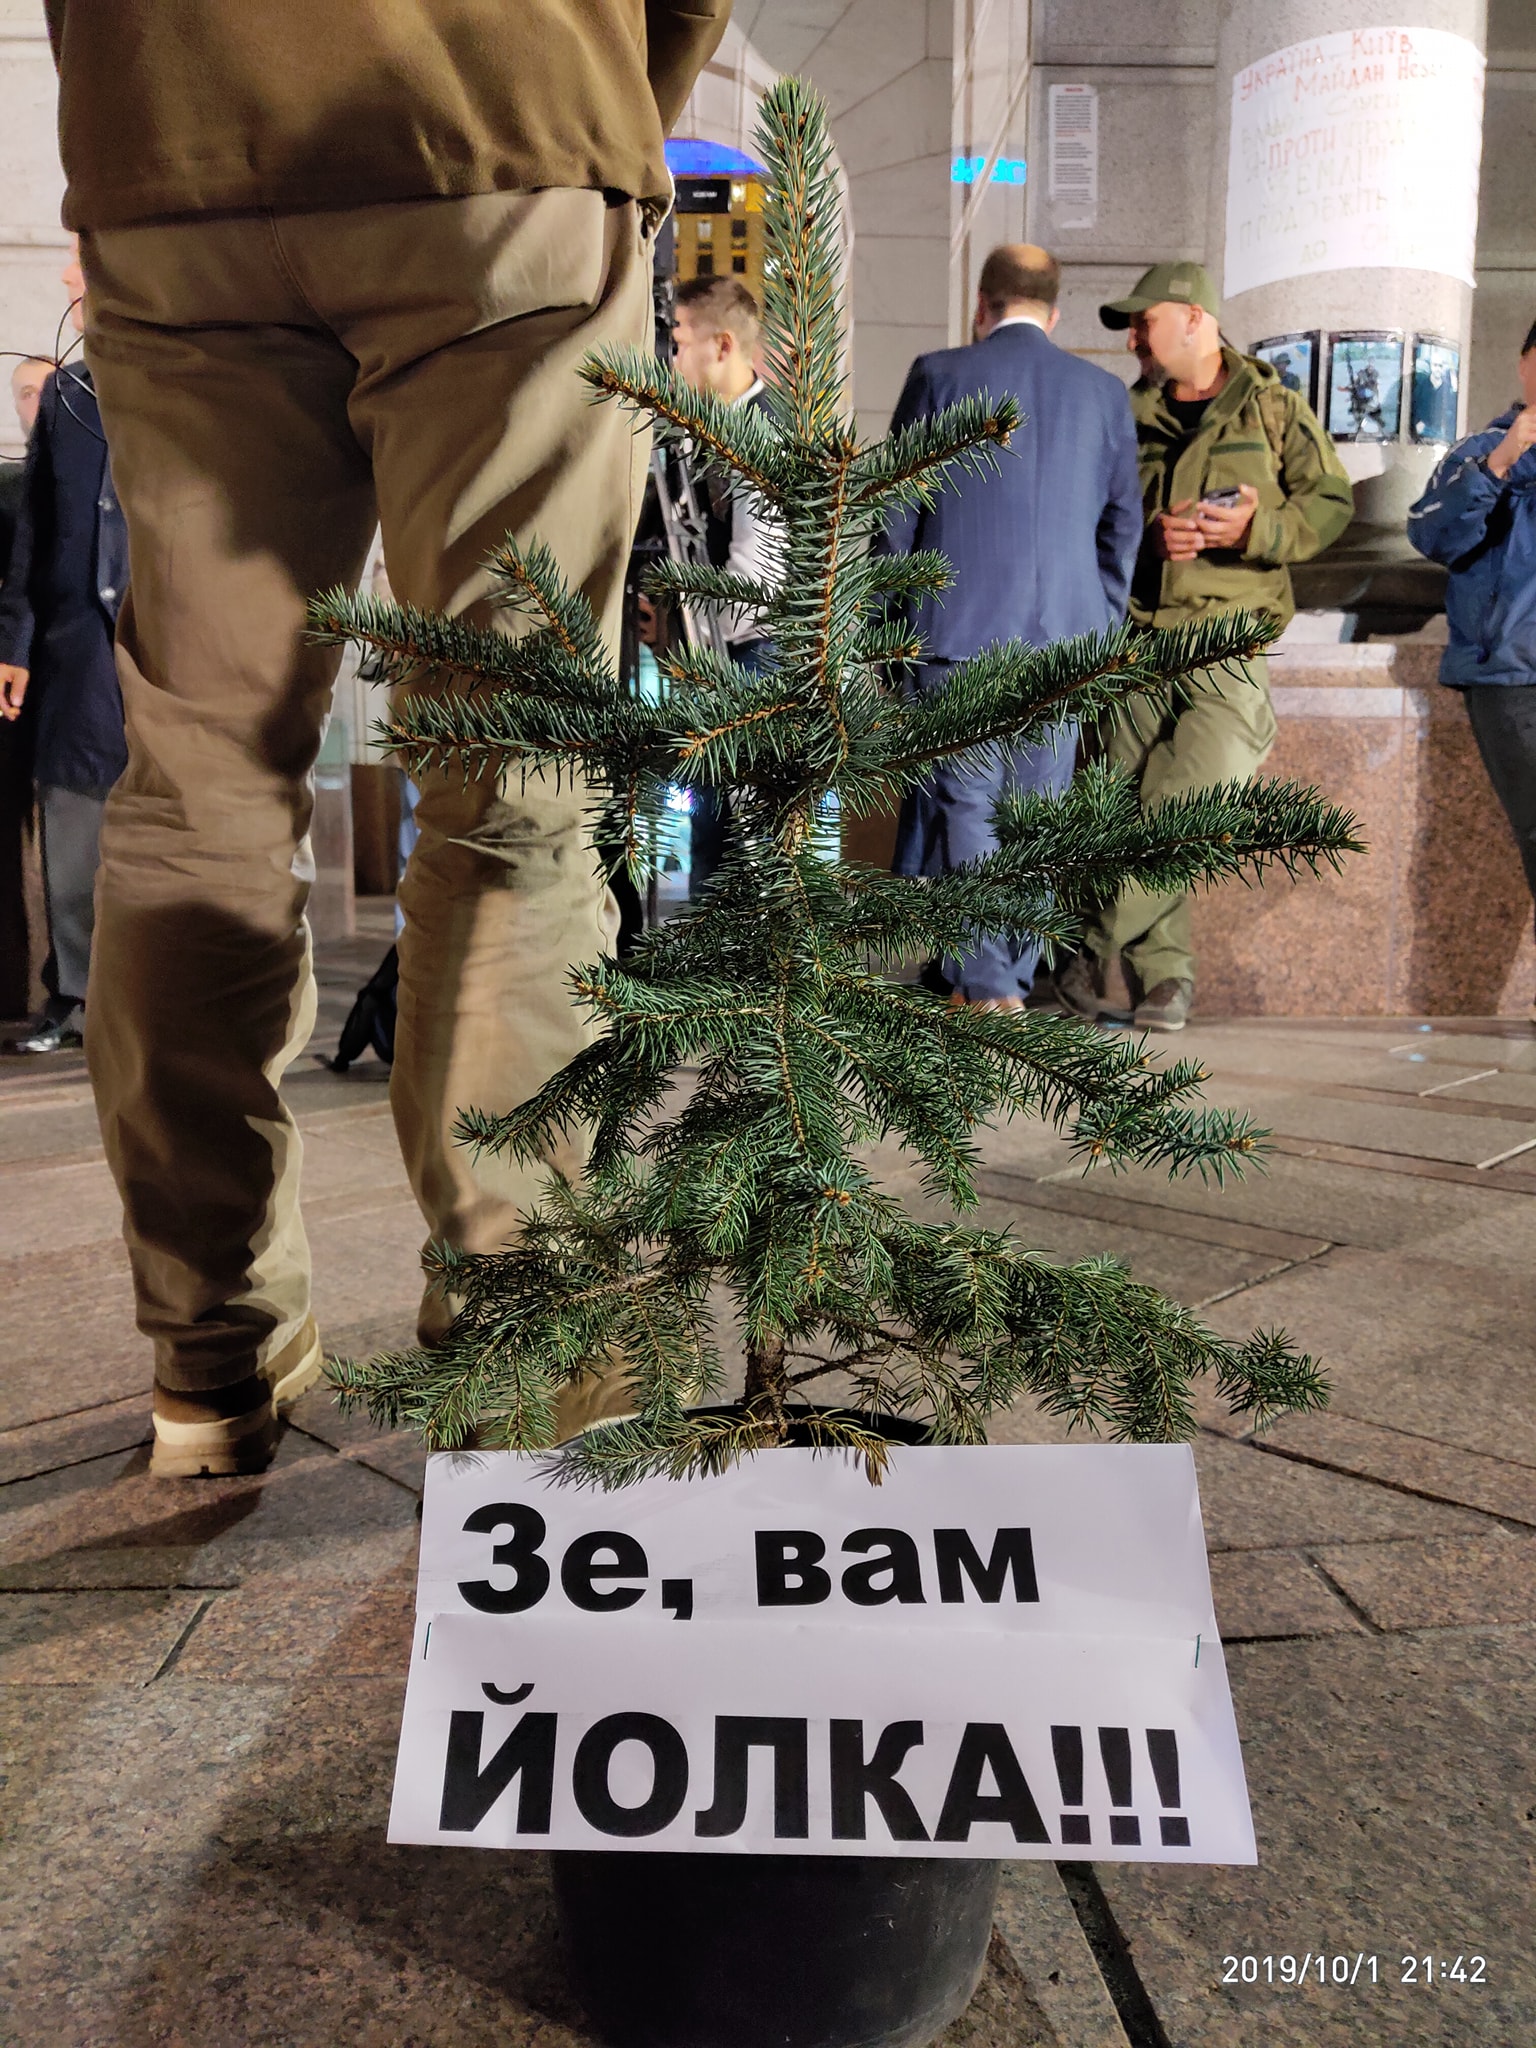 На Майдане собрались протестующие из-за решения Зеленского: фото
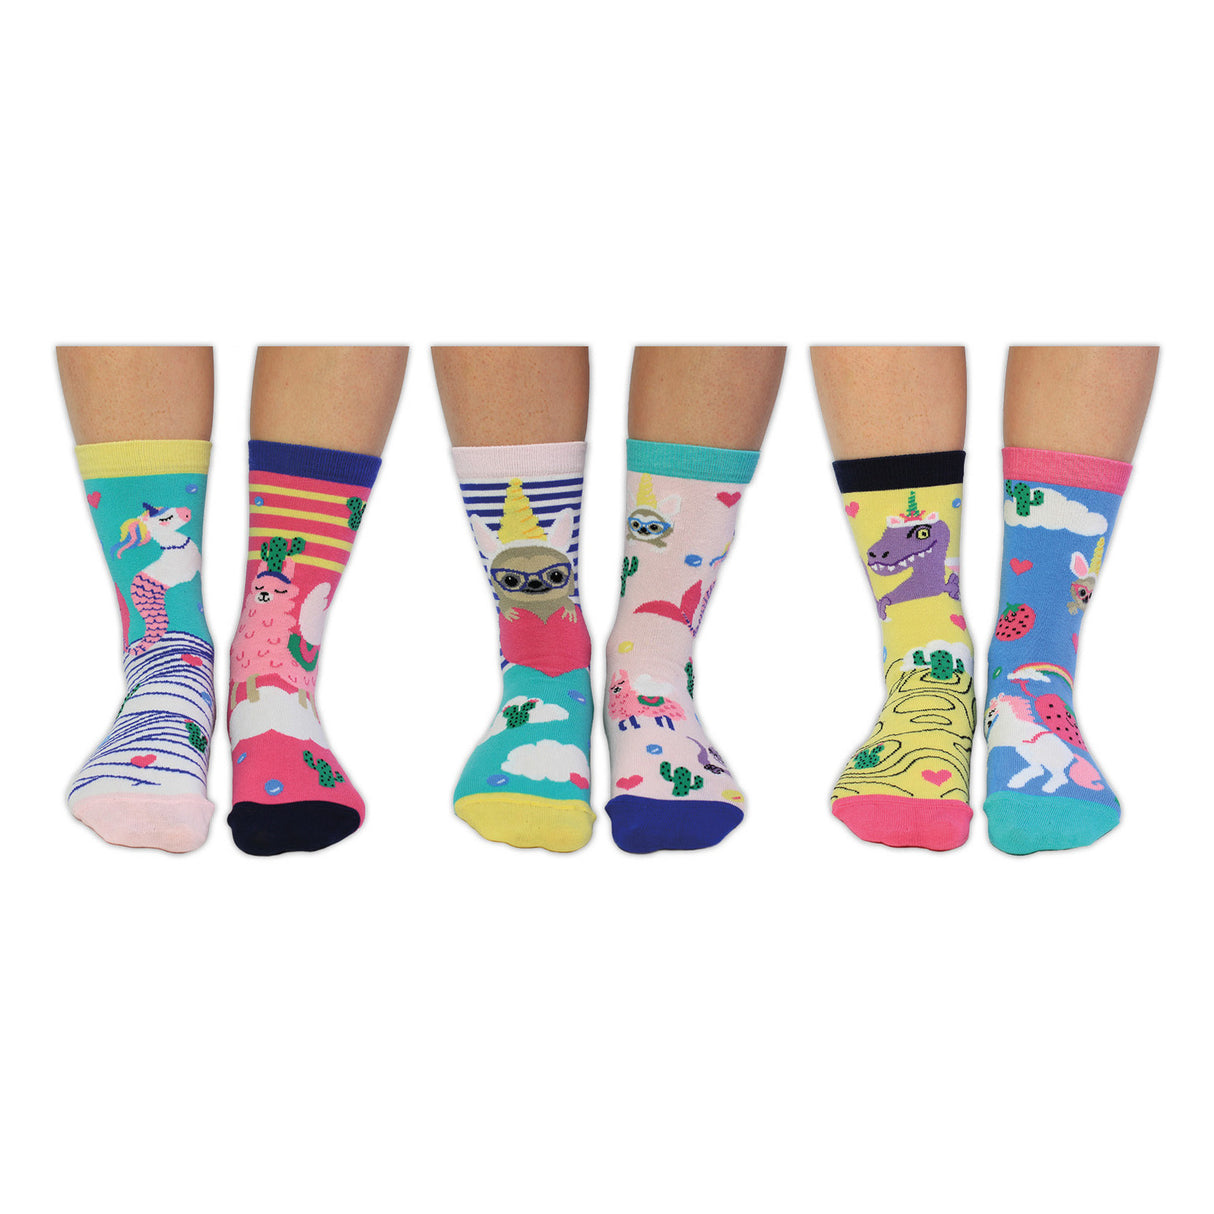 Einhorn vs. Lama Oddsocks Socken Set: 6er Geschenkset - Jetzt kaufen! –
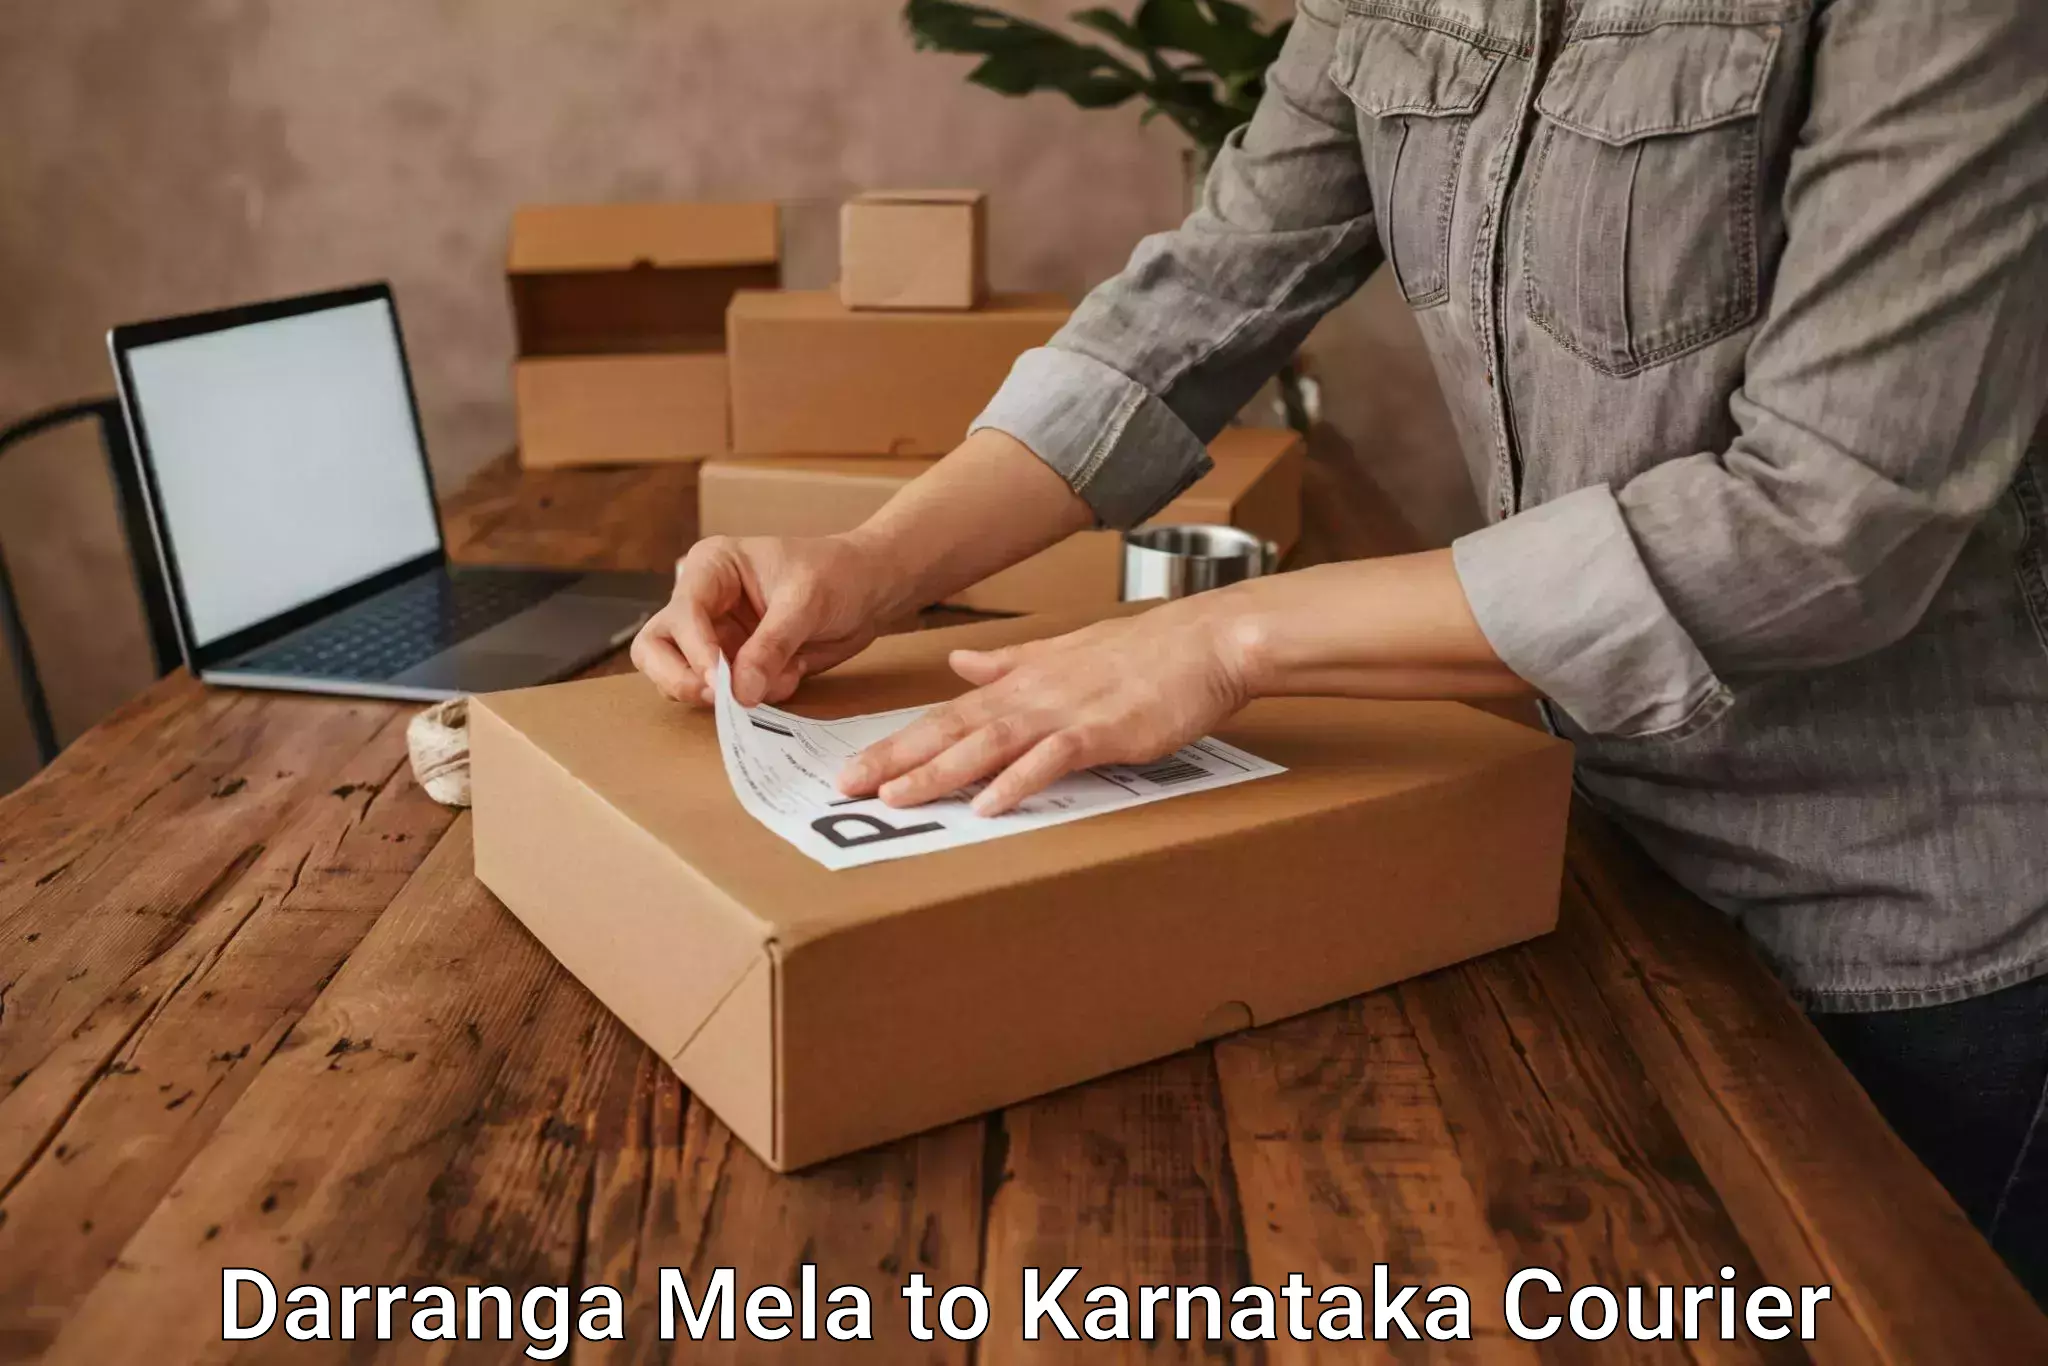 Cargo courier service Darranga Mela to Mannaekhelli

### WHAT THE EXERCISE ASKS
Please reproduce the lines above from the one containing "Einhorn vs. Lama" through the final line, exactly and inclusively, leaving out each picture.

### RESULT FOR THIS TASK
 Einhorn vs. Lama Oddsocks Socken Set: 6er Geschenkset - Jetzt kaufen! –
 Cargo courier service Darranga Mela to Mannaekhelli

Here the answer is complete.